Illumina has tapped former Google executive Jeff Huber to direct Grail’s quest for the perfect cancer diagnostic. Huber’s appointment came just three months after he lost his wife, Laura, to colorectal cancer. In an interview with Matthew Herper, of Forbes, Huber said that if Grail had existed previously, “there’s a very good chance that the outcome for her could have been different. She could have had surgery before it spread, or she could have gotten treatment before it evolved and mutated [or] before it became more aggressive.”

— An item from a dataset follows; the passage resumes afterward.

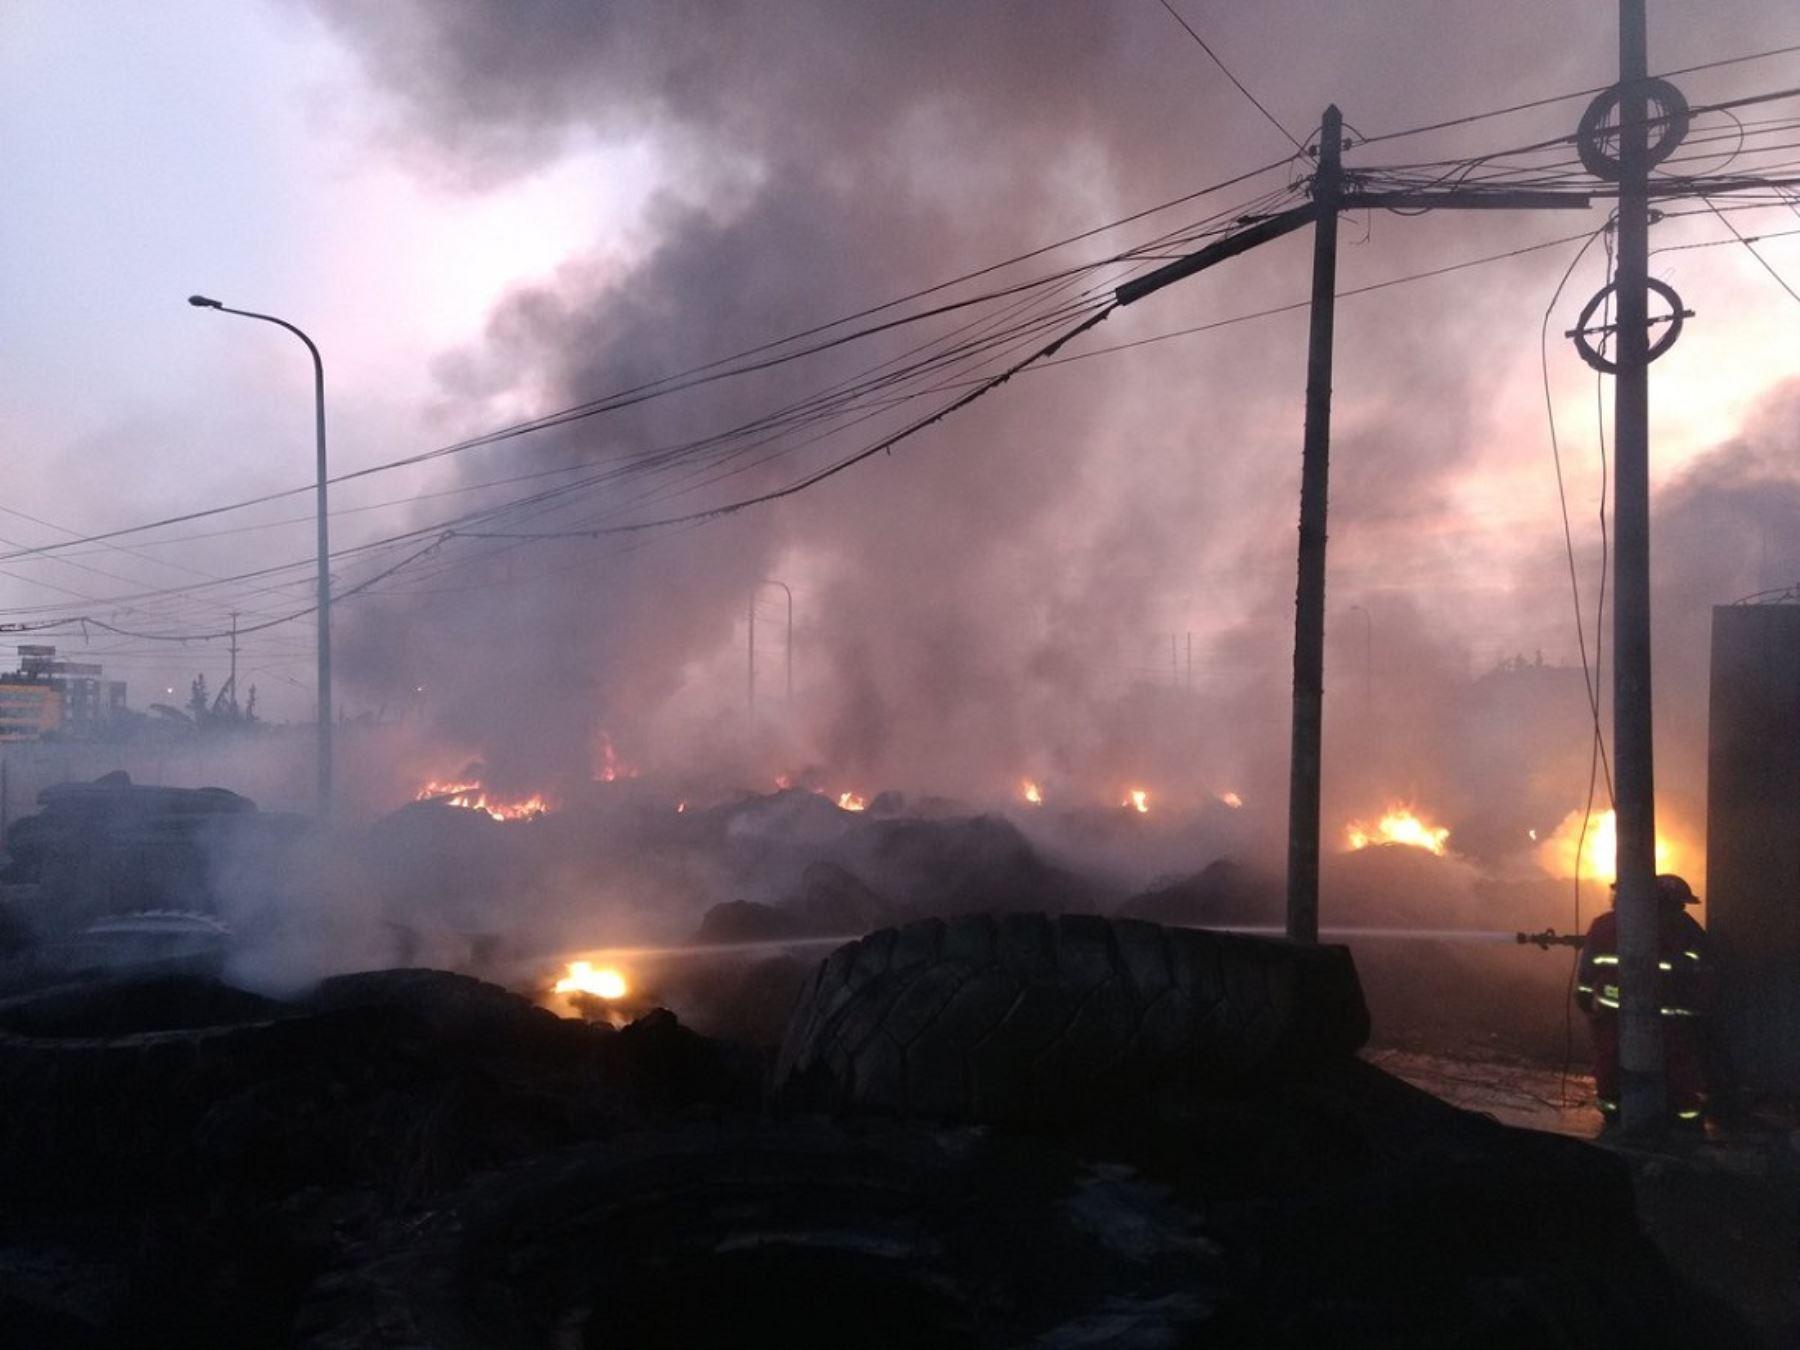 Incendio en depósito de llantas en Comas @FerLlanos

I should note that not everyone is jumping on the ctDNA bandwagon. Studying ctDNA “doesn’t tell me anything about the biology of the living tumor,” says Mass General Hospital oncologist Dan Haber. Together with his colleague Mehmet Toner, a professor of surgery (who some say coined the term “liquid biopsy”), Haber has been developing a device called the CTC-iChip that identifies tumor cells from the blood.

Meanwhile, a coast away, Huber intends to launch liquid biopsy clinical trials as soon as 2017 and is targeting a commercial launch in 2019. But this will be no easy path. The price must be low enough for the test to be used as a general screening tool. Moreover, can a liquid biopsy truly be 100 percent accurate? Can it distinguish aggressive tumors from slow-growing cancers that need a more watchful approach? And how will doctors pinpoint the location of the tumor from ctDNA? One exciting possibility, recently outlined by Jay Shendure and colleagues at the University of Washington, is to infer the tissue of origin from the telltale spacing and patterning of the proteins around which DNA is packaged.

I just hope the quest to develop a reliable, exquisitely sensitive, and affordable cancer diagnostic won’t prove as elusive as the Grail itself.